One of the important factors contributing to this stability is the consistency within the Gedeon Richter China team. This is one of our strengths, I believe; from the leadership to middle management level and even down to the supervisor level, many of our staff have been with us for ten or even fifteen years. This stability is very important. At the same time, we also need fresh blood and fresh talent, particularly in this changing and challenging environment. But having this balance of stability and freshness is critical to provide new ideas and drive our ongoing development.
As GM, aside from the financial factors to consider, I think it is very important to foster a friendly environment built on mutual listening and understanding. Cooperation is very important as well. When you are able to foster that kind of work environment, it is easier to have good staff retention.
Looking at Gedeon Richter’s portfolio in China, what are some of the upcoming product launches?
Globally, our specialty areas are women’s healthcare and CNS. Our presence in China is aligned with these two areas.
Product launches in China are always resource-intensive, requiring both a lot of investment as well as a lot of time. We have many innovative products in our portfolio globally that we are looking to bring to the China market, for instance, REAGILA® (cariprazine), which was developed in-house. We are very proud to have developed this product in-house, as a Hungarian company. This product is already successful in the US market.
We are also looking to launch other women’s healthcare products like contraceptives, hormone replacement therapies (HRT) and some others. We anticipate that these will all happen from 2020 to 2024. At the moment, to prepare for these, we are also strengthening the capabilities of our women’s healthcare teams to support all these product launches.
What is positive is that in China, there are KOLs and top doctors that are very aware and knowledgeable of global industry developments, so they would already be familiar with our products and new therapies in the areas of women’s healthcare and CNS. We have a good network with KOLs along with CROs, and we are continuously developing our contacts and presence in these areas.
Gedeon Richter has a very strong reputation in Europe in women’s health and CNS, and in China, this is true for CNS. Our most successful products belong in that category. However, in the women’s healthcare area, there is still more work to be done. We have two products already in the market but we would like to grow our leadership position further.
The competition has always been fierce in China, especially when it comes to the tender process for prescription products, as well as continuous competition from local players. Nevertheless, I think we have a strong positioning locally and I am positive this will continue to grow.

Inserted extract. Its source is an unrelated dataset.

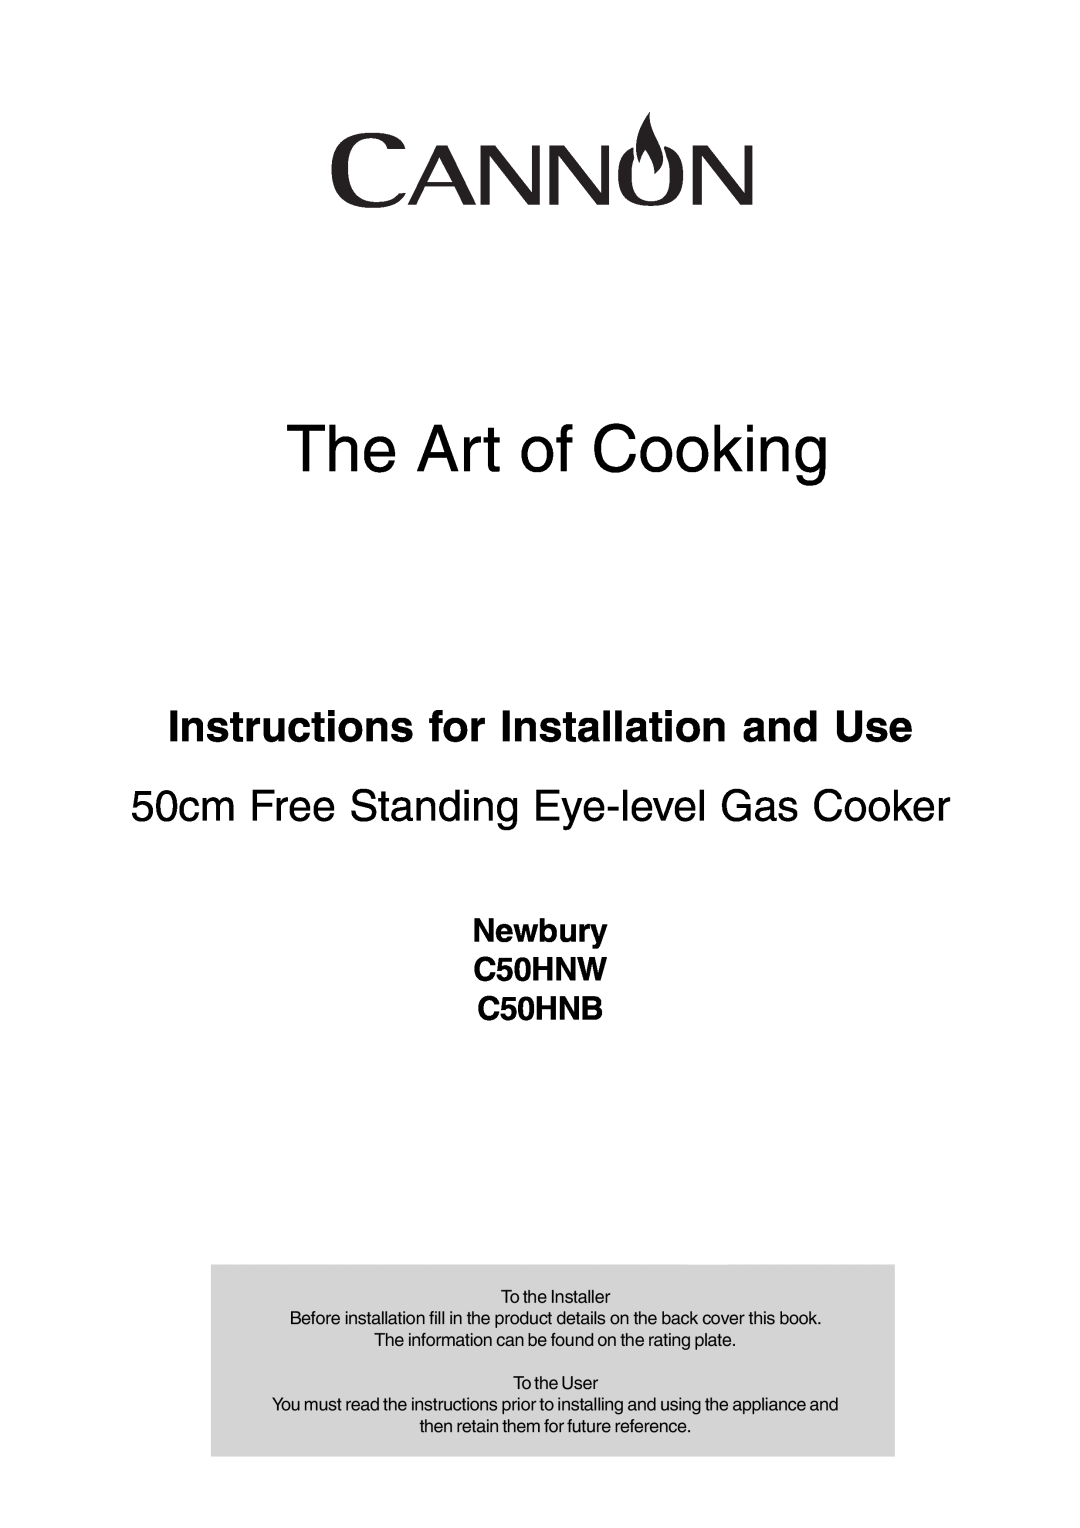 Cannon manual Newbury C50HNW C50HNB, The Art of Cooking, Instructions for Installation and Use

Until 2017, Gedeon Richter’s China’s affiliate was actually larger than the US affiliate in terms of revenues, which is rather surprising. What is the strategic significance of the China market to Gedeon Richter?
China has always been very important for Gedeon Richter and we are ranked number four just after the US market, and now with the reforms, I am sure our importance will continue to grow. Present sales and turnover figures are very important but we are also looking at the growth potential in the future with all the new regulatory reforms and faster approval timelines. The sourcing part of the business will continue to be very important as well because these APIs and raw materials are key to our global manufacturing supply chain. It is a very complex market and there is always the pressure to perform.
What are your strategic priorities for the next few years?
Firstly, we want to have the right answers and solutions to all these market changes and successfully complete the registration processes for all the products in our pipeline. At the same time, we want to maintain our successful business with our existing portfolio.